There were a lot of negative responses, many people felt he shouldn't be critical of this rare moment of representation. David says he gets that: most people were so starved for representation they didn't want to ding the film. But David, who writes about Filipino identity, says it's important to note some uncomfortable realities: the wealth on display in Crazy Rich Asians, he tweeted, "is based on the exploitation of brown Asian labor. In Singapore, where the movie happens, 56% of domestic workers are Filippino and 32% are Indonesians. The movie erases them."
David doesn't buy the popular positioning of Crazy Rich Asians as the first all-Asian cast since The Joy Luck Club. "I'm not a movie buff by any means, and I'm not an Asian-American movie watchdog at all, but I don't think that's true." For instance, he says, what about The Namesake, starring Kal Penn and directed by Mira Nair?
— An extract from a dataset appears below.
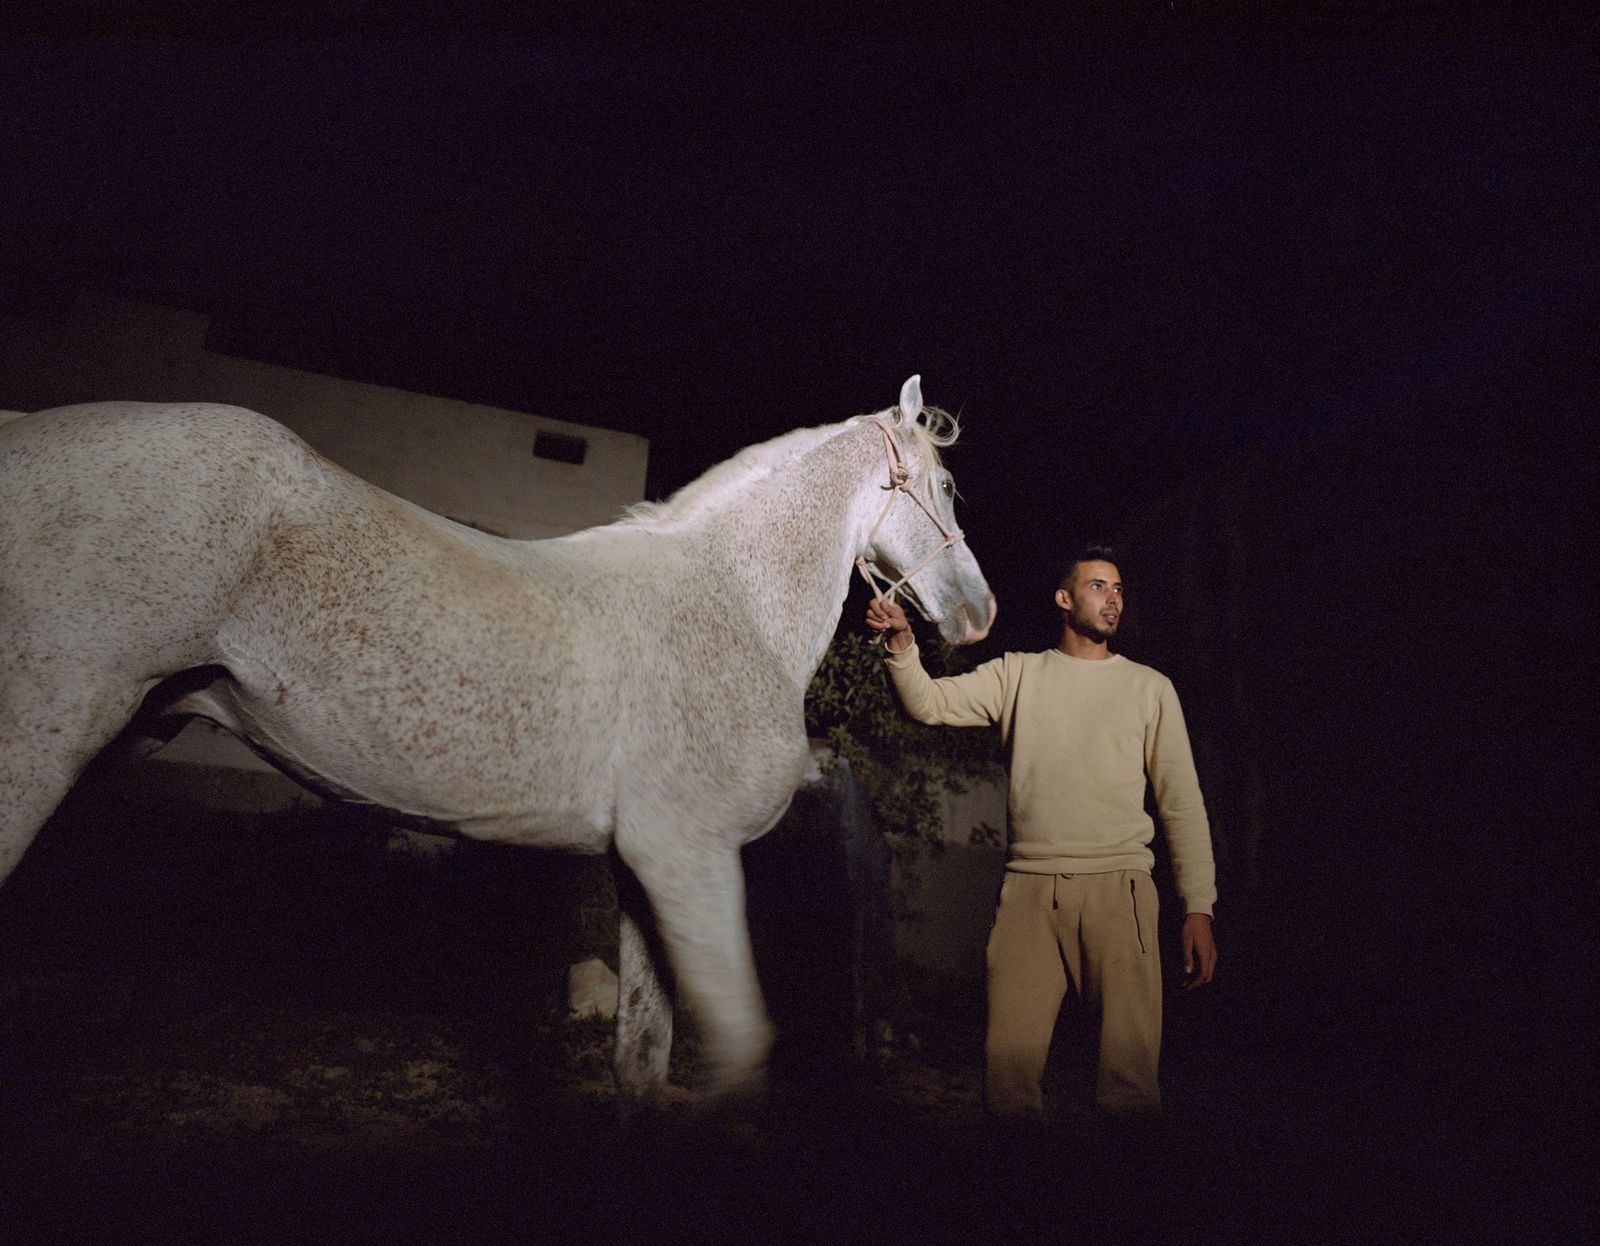 © Sophie Ebrard - Image from the They are not afraid of riding stallions photography project

It looks at many of the same issues raised in Crazy Rich Asians—obligation to family, respect for culture—but with South Asian characters.
"So what is it," David asks. "Brown Asians don't count? That's pretty offensive."
Jon Chu says this single movie cannot be everything to everybody. He hopes if Crazy Rich Asians succeeds, other movies featuring more types of Asians will follow. But for now, he's made this movie for this reason: "I'm making it for my own, 12 year-old self, and my (infant) daughter, and the generation that's coming."